Provedora de Justiça arrasa lei sobre sexualidade
No dia 01.03.2024 entrou em vigor a Lei nº 15/2024, de 29.01, que veio proibir as por si “denominadas práticas de «conversão sexual» contra pessoas LGBT , criminalizando os atos dirigidos à alteração, limitação ou repressão da orientação sexual, da identidade ou expressão de género, alterando a Lei n.º 38/2018, de 7 de agosto, e o Código Penal”.

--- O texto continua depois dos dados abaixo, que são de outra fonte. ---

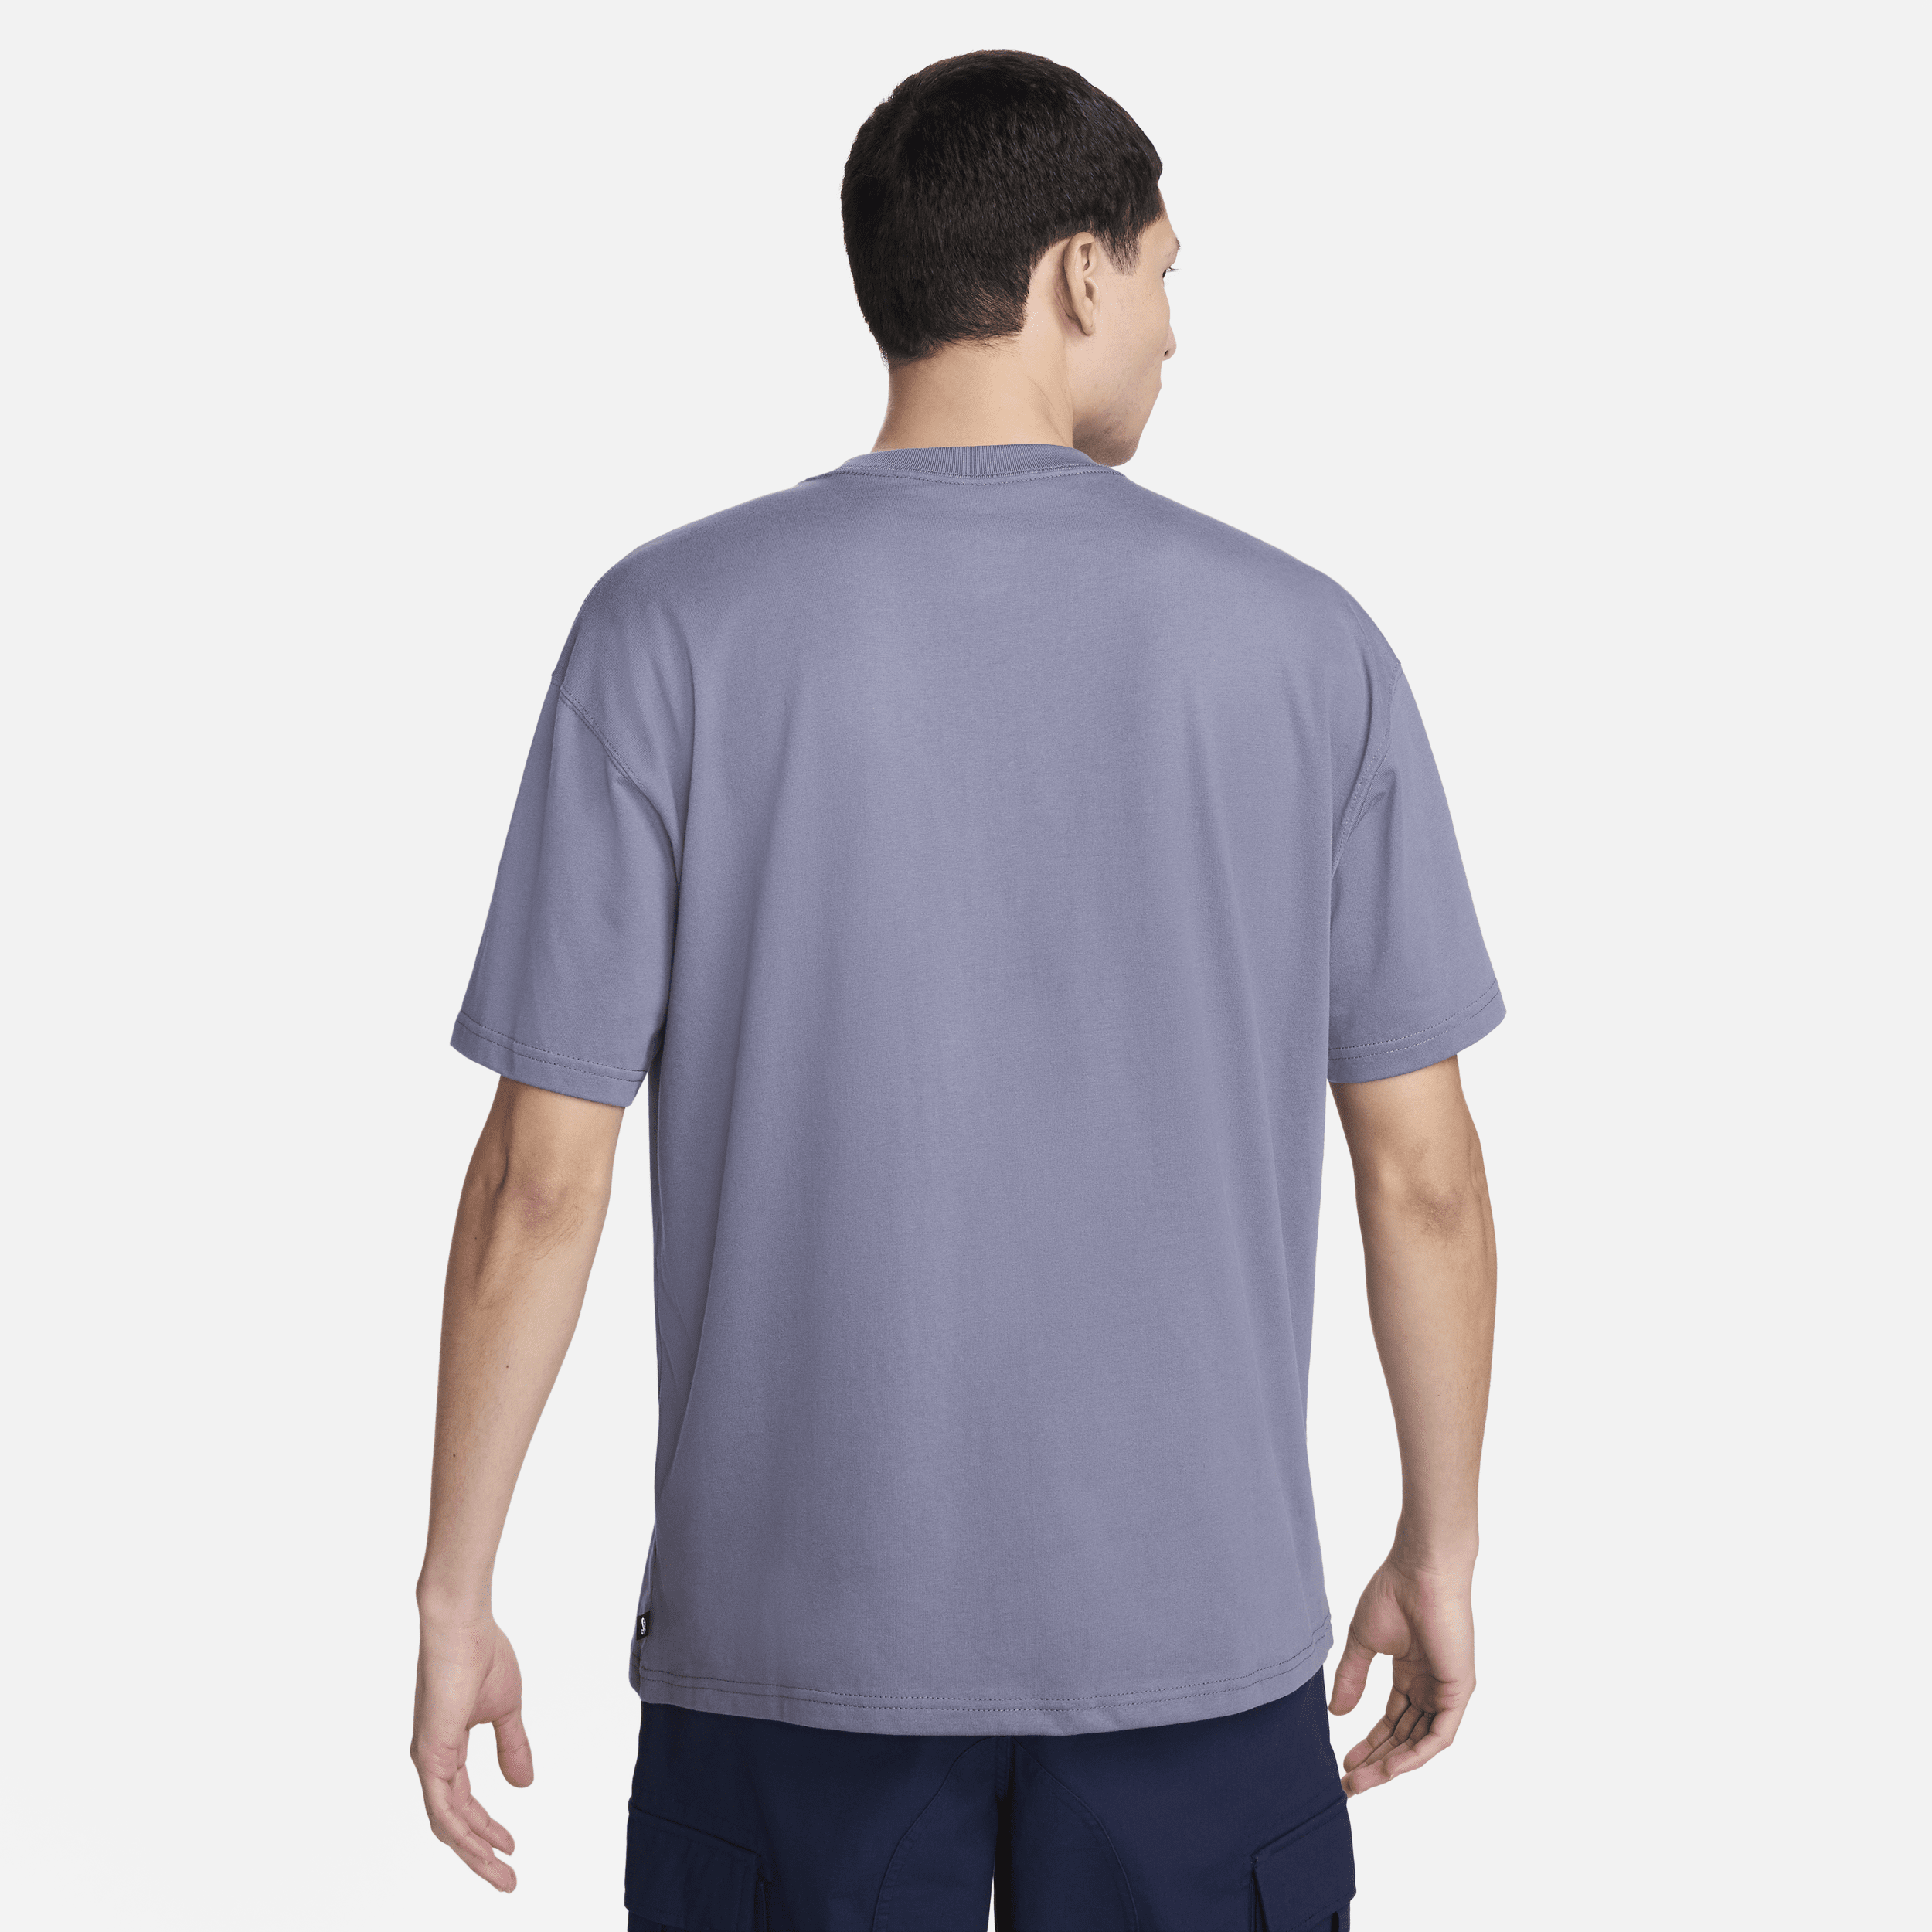 Nike SB Skateshirt met logo Grijs

De acordo com o novo tipo legal de crime denominado “Atos contrários à orientação sexual, identidade ou expressão de género”, aditado ao Código Penal pela referida lei e incluído no elenco dos «Crimes contra a autodeterminação sexual”:
“Quem submeter [ou, inclusive, tentar submeter] outra pessoa a atos que visem a alteração ou repressão da sua orientação sexual, identidade ou expressão de género, incluindo a realização ou promoção de procedimentos médico-cirúrgicos, práticas com recursos farmacológicos, psicoterapêuticos ou outros de caráter psicológico ou comportamental, é punido com pena de prisão até 3 anos ou com pena de multa, se pena mais grave não lhe couber por força de outra disposição legal!” (nº 1 do art. 176º-C do Código Penal); podendo a pena ir até 5 anos se ocorrerem modificações irreversíveis ao nível do corpo e das características sexuais da pessoa (nº 3 do art. 176º-C do Código Penal).
Sem prejuízo de manter a ilicitude dos actos em causa, o nº 2 do novo art. 176º-C veio determinar que “(…) não são puníveis os procedimentos aplicados no contexto da autodeterminação da identidade e expressão de género, conforme estabelecido nos artigos 3.º e 5.º da Lei n.º 38/2018, de 7 de agosto, e que forem levados a cabo de acordo com as leges artis”.
Deste modo, o legislador, ao mesmo tempo que veio criminalizar as referidas condutas, despenaliza-as, i.e., isentas de punição, se as mesmas ocorrerem no contexto da “autodeterminação da identidade e expressão de género”, ou seja, precisamente no contexto onde ocorrem as verdadeiras e próprias práticas e terapias de “conversão sexual”, errada mas propositadamente denominadas de terapias de “afirmação de género”.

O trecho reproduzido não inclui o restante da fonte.